Take the entries below and reproduce exactly the portion that begins at the line containing "Ils sont dotés" and ends at the line containing "Mémorial aux Juifs", keeping both ends, dropping pictures, and adding nothing else.

[Material shown]
>>>>

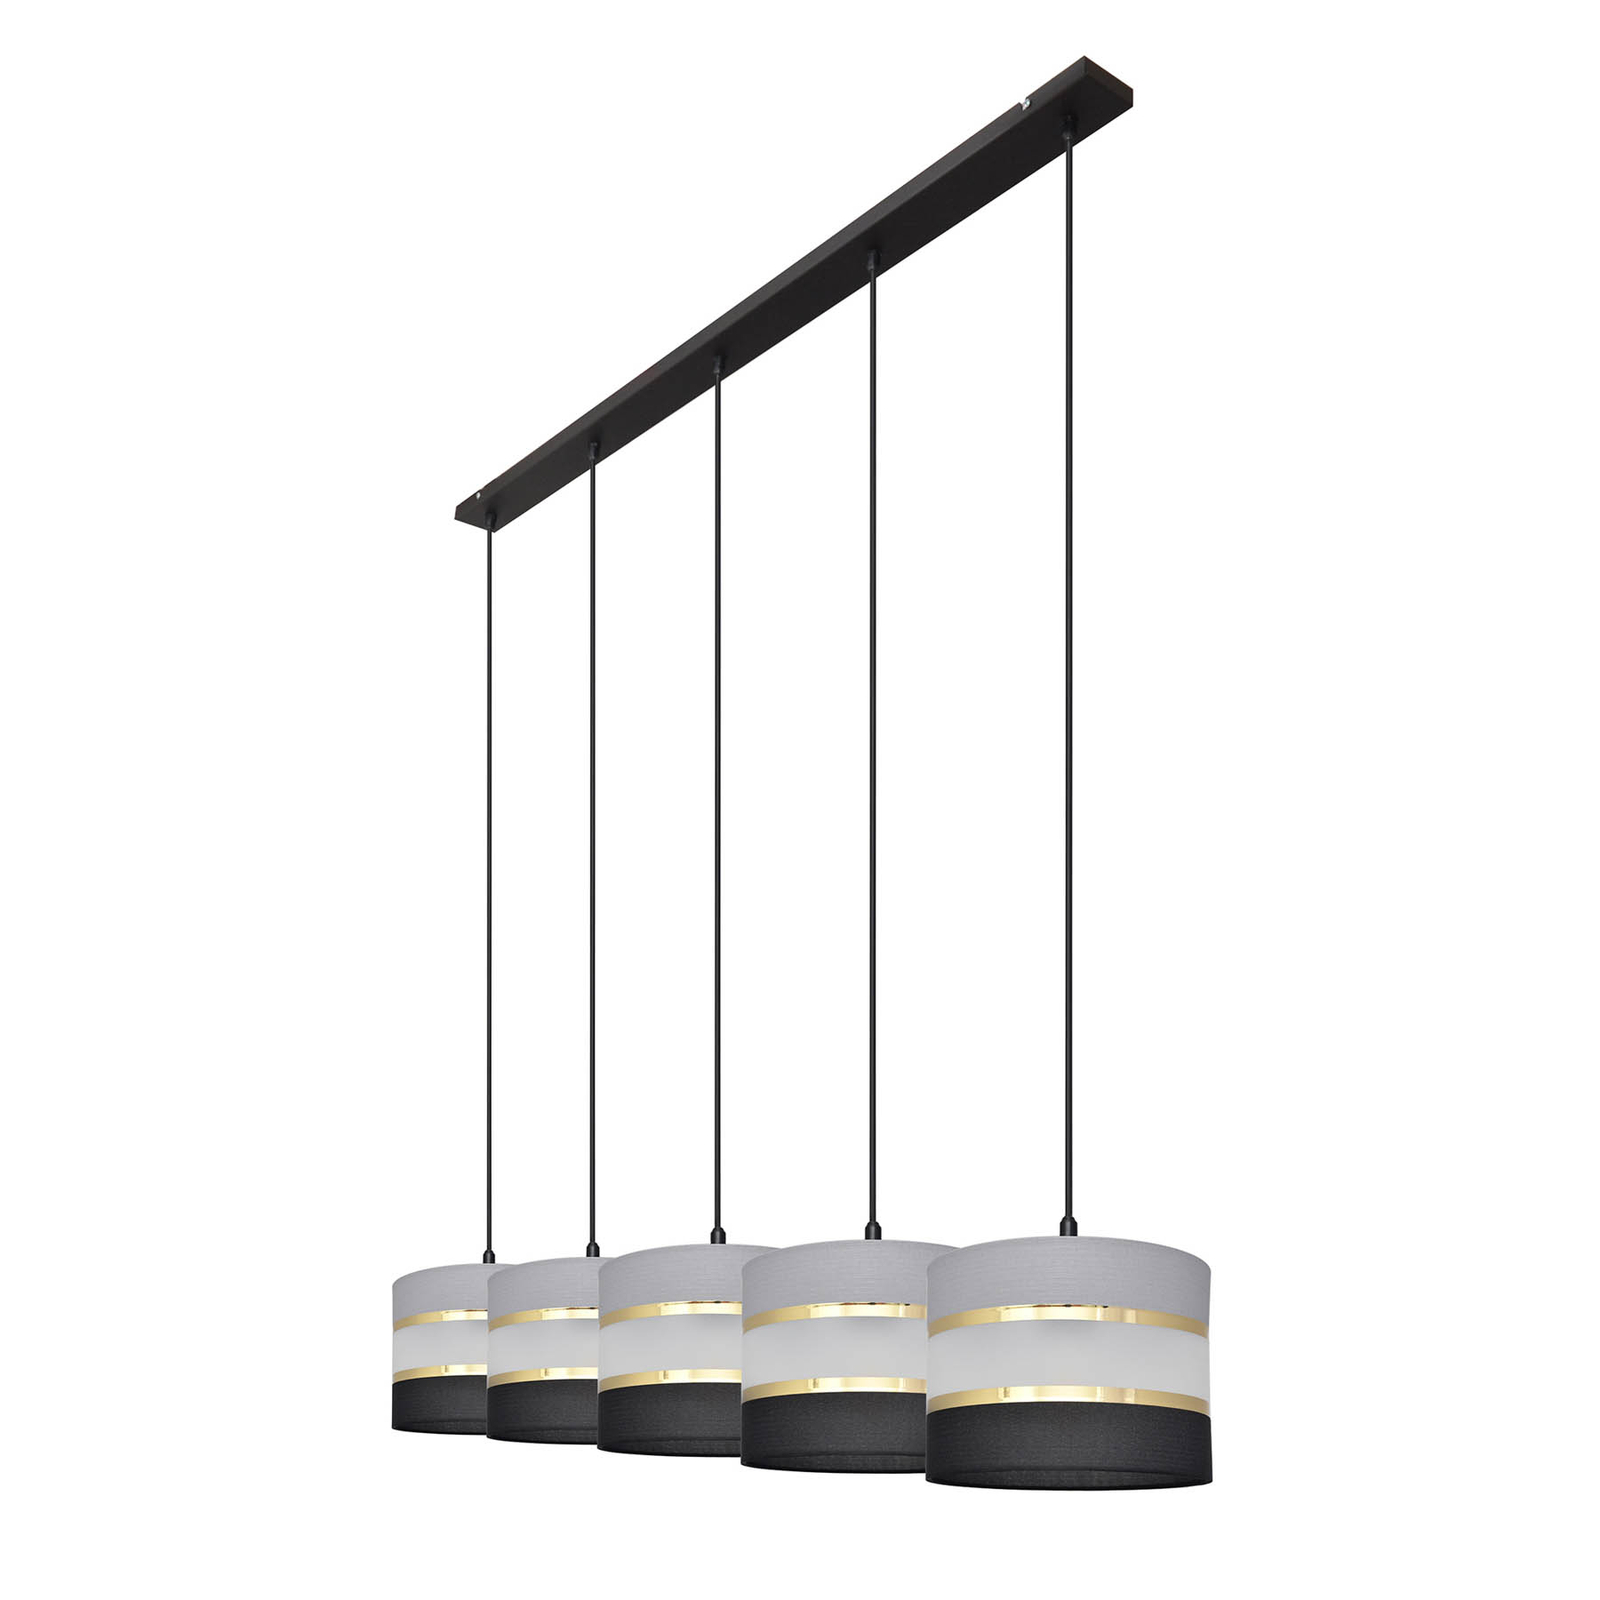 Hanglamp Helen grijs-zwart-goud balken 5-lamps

<<<<
>>>>

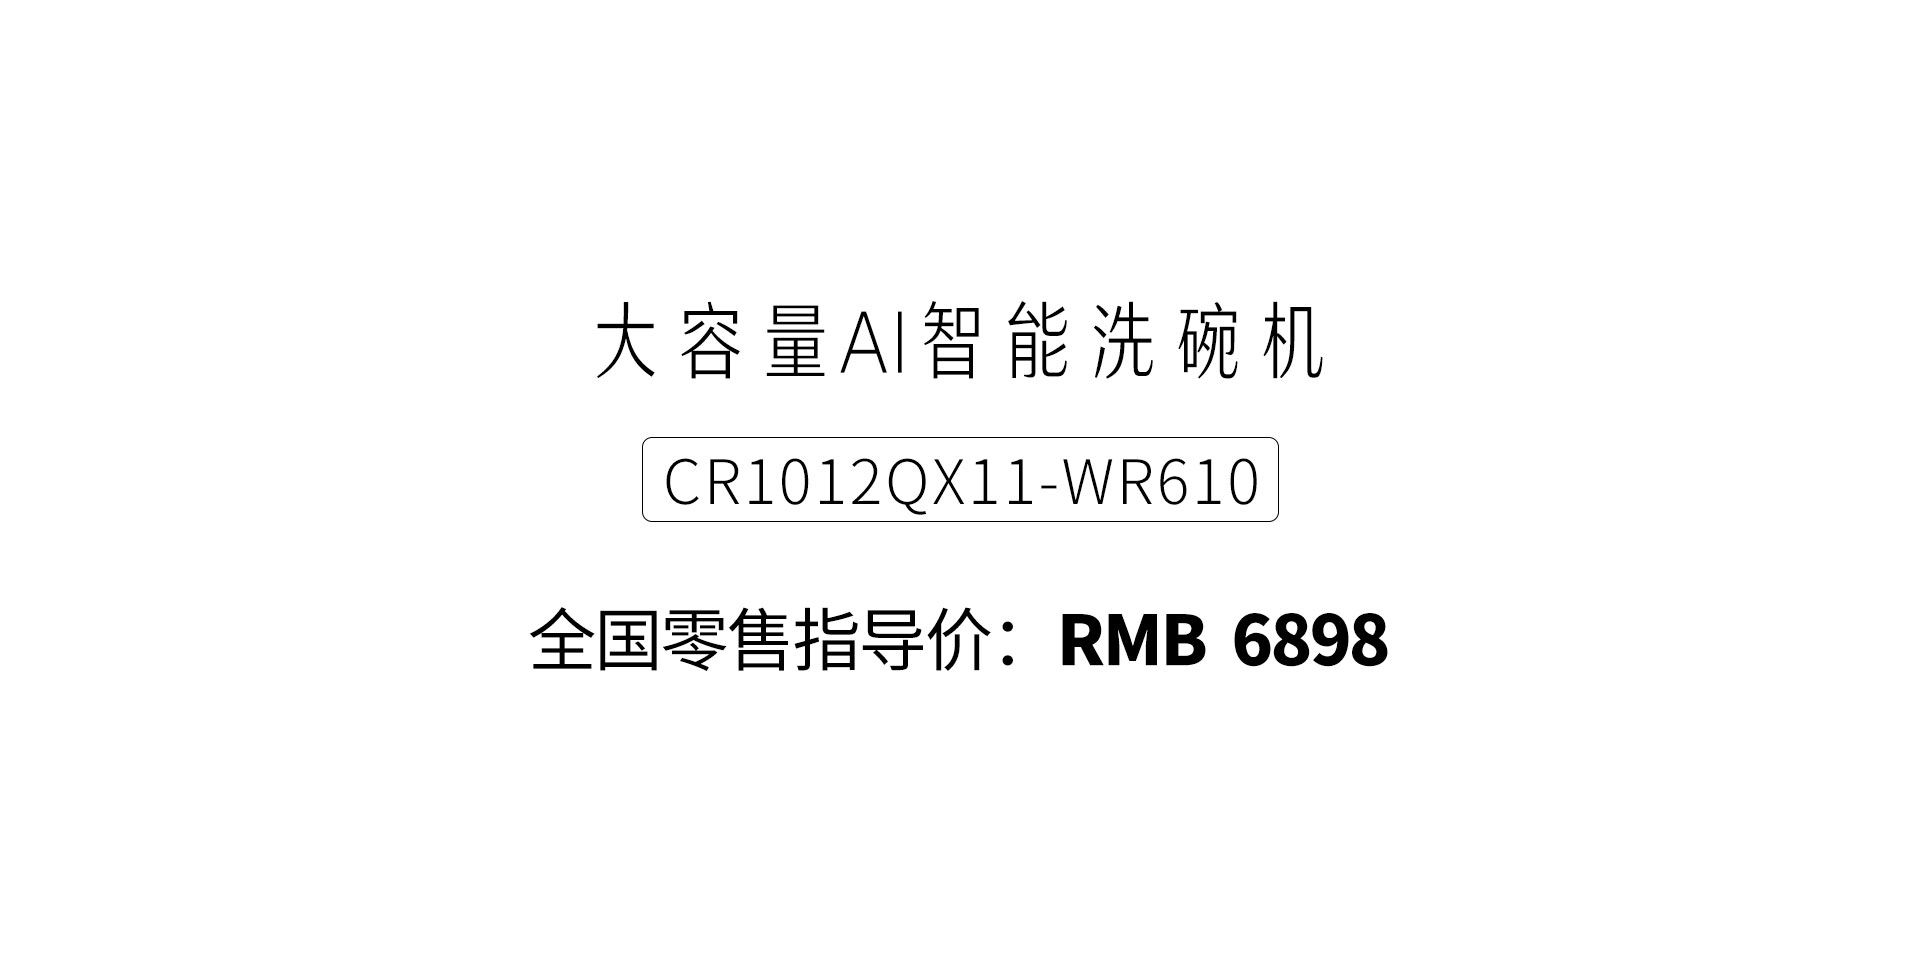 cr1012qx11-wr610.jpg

<<<<
>>>>

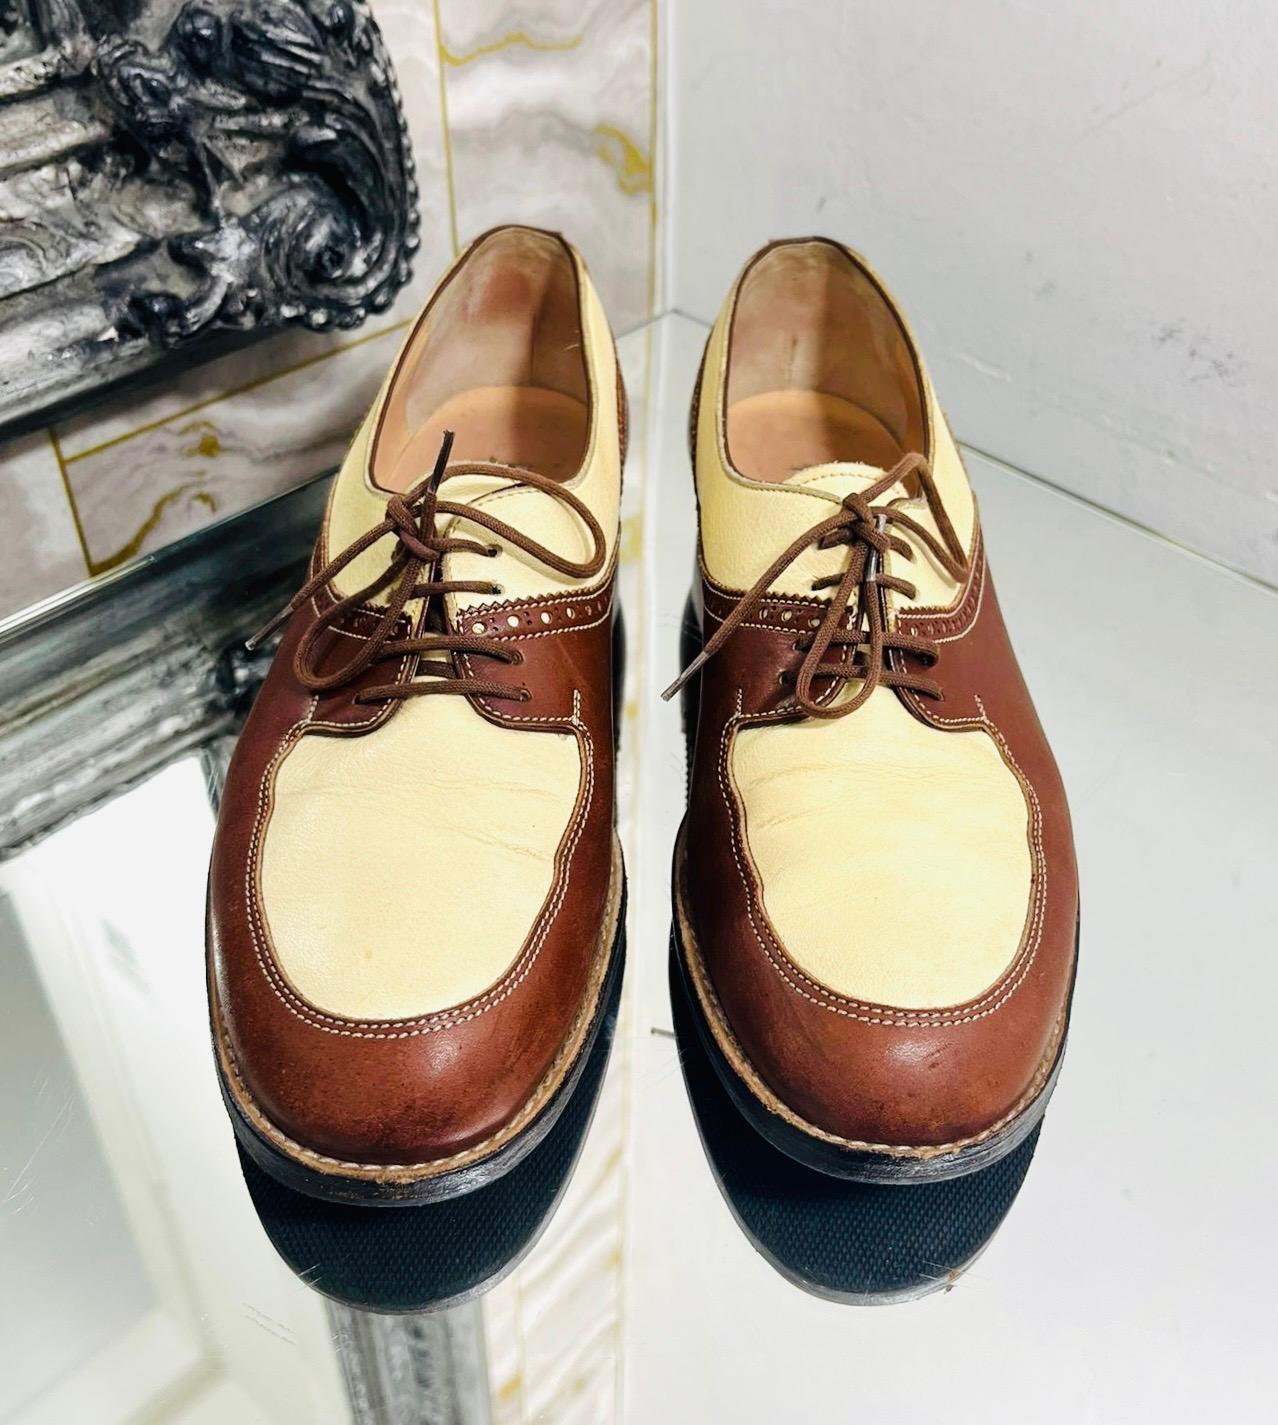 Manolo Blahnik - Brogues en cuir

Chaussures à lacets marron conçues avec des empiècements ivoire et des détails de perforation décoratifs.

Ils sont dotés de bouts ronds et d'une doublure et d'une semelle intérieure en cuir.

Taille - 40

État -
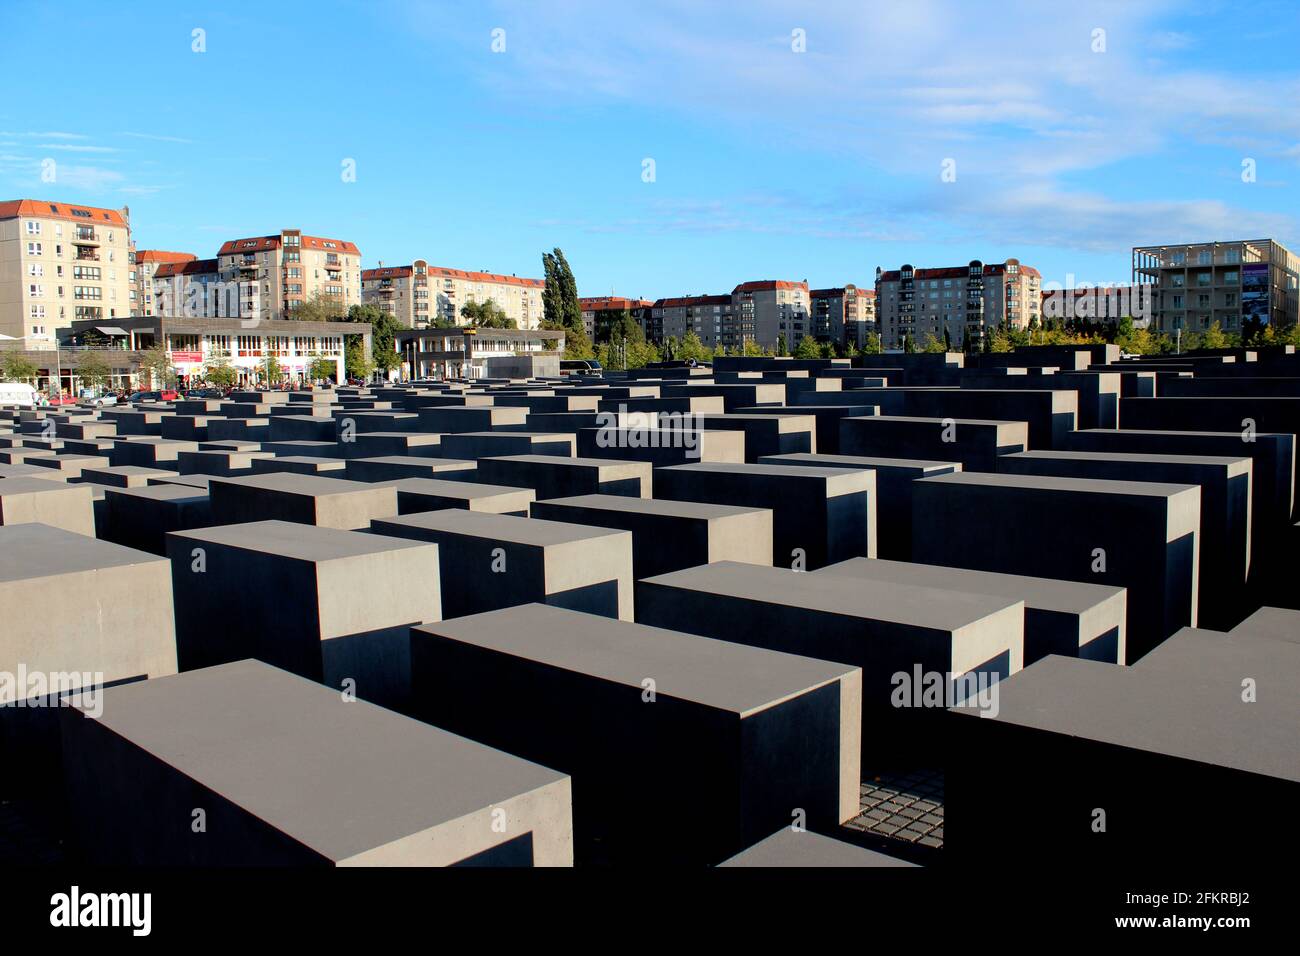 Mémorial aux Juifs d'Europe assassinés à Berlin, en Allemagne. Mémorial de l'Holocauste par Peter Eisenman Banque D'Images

<<<<

[Output]
Ils sont dotés de bouts ronds et d'une doublure et d'une semelle intérieure en cuir.

Taille - 40

État -
 Mémorial aux Juifs d'Europe assassinés à Berlin, en Allemagne. Mémorial de l'Holocauste par Peter Eisenman Banque D'Images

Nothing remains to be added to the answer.